Security fails if we leave the container with the root user

  • We need to create a user in the container and run the app with that user. for that we need add the following lines to Dockerfile: RUN addgroup app && adduser -S -G app app USER app

default CMD after build the image

  • We can supply a default command to be executed when the container starts. for example : CMD npm start

the difference between CMD and RUN

  • RUN is a build time instruction, it is executed in the image build time.
  • CMD is a run time instruction, it is executed when the container starts.

The difference between CMD shell and CMD exec

  • it's a best practice to use CMD exec instead of CMD shell because it runs the command directly without creating another shell process, so it makes cleaning containers easier.

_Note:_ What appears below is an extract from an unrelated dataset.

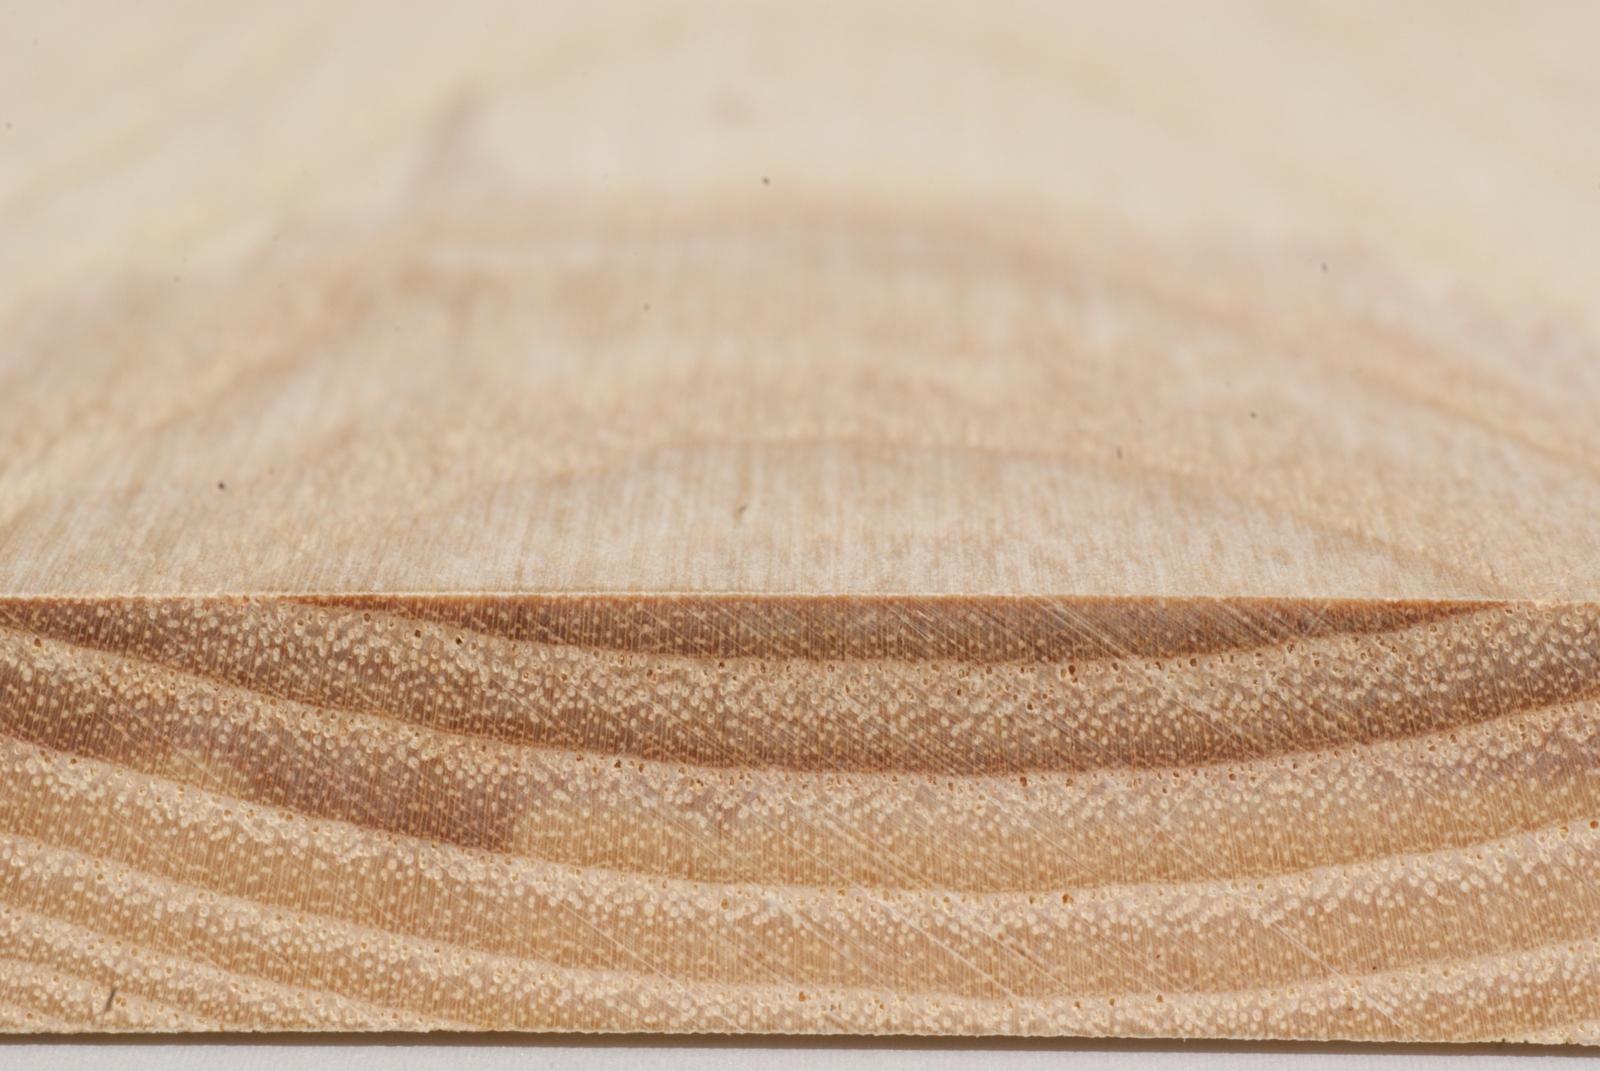 Esche Merkmale Eigenschaften Holz Vom Fach

The difference between ENTRYPOINT and CMD

  • ENTRYPOINT is like CMD exec but it can't be overridden by default, if we need to override it we need to use the --entrypoint flag. in other hand CMD can be overridden by default.

Free up space

  • To remove all stopped containers: docker container prune

  • To remove all unused images (dangling images): docker image prune

  • delete a container: docker rm <container_id>

  • delete an image: docker rmi <image_id>

Tagging images

  • Tags are used for the versioning of the images, for example: docker build -t <imagename>:<tag> .
  • a tag can be a version number like 3.0.0 or a build number like 73 etc. and it can be configured in the CI/CD pipeline to be incremented automatically.
  • to retag an image: docker tag <old_image_name>:<old_tag> <new_image_name>:<new_tag>
  • remove a tag: docker image remove <image_name>:<tag>
  • upgrade to latest tag: docker tag <image_name>:<tag> <image_name>:latest or docker tag imageid <image_name>:latest

Pushing images to Docker Hub

first we build the image then we need to tag it with the docker hub username and the repository name then we need to login to the docker hub and push the image. docker image tag <image_name>:<tag> <docker_hub_username>/<repository_name>:<tag> docker login docker push <docker_hub_username>/<repository_name>:<tag>

example: docker image tag friendnetserver:2 haitamelgharras/friendnet_server:2 docker login docker push haitamelgharras/friendnet_server:2

Saving and loading images

  • To save an image to a file: docker save -o <filename>.tar <image_name>:<tag> example: docker save -o friendnetsrv.tar friendnetserver:2

  • To load an image from a file: docker load -i <filename>.tar example: docker load -i friendnetsrv.tar

  • Note that .tar is a compressed file like .zip in windows.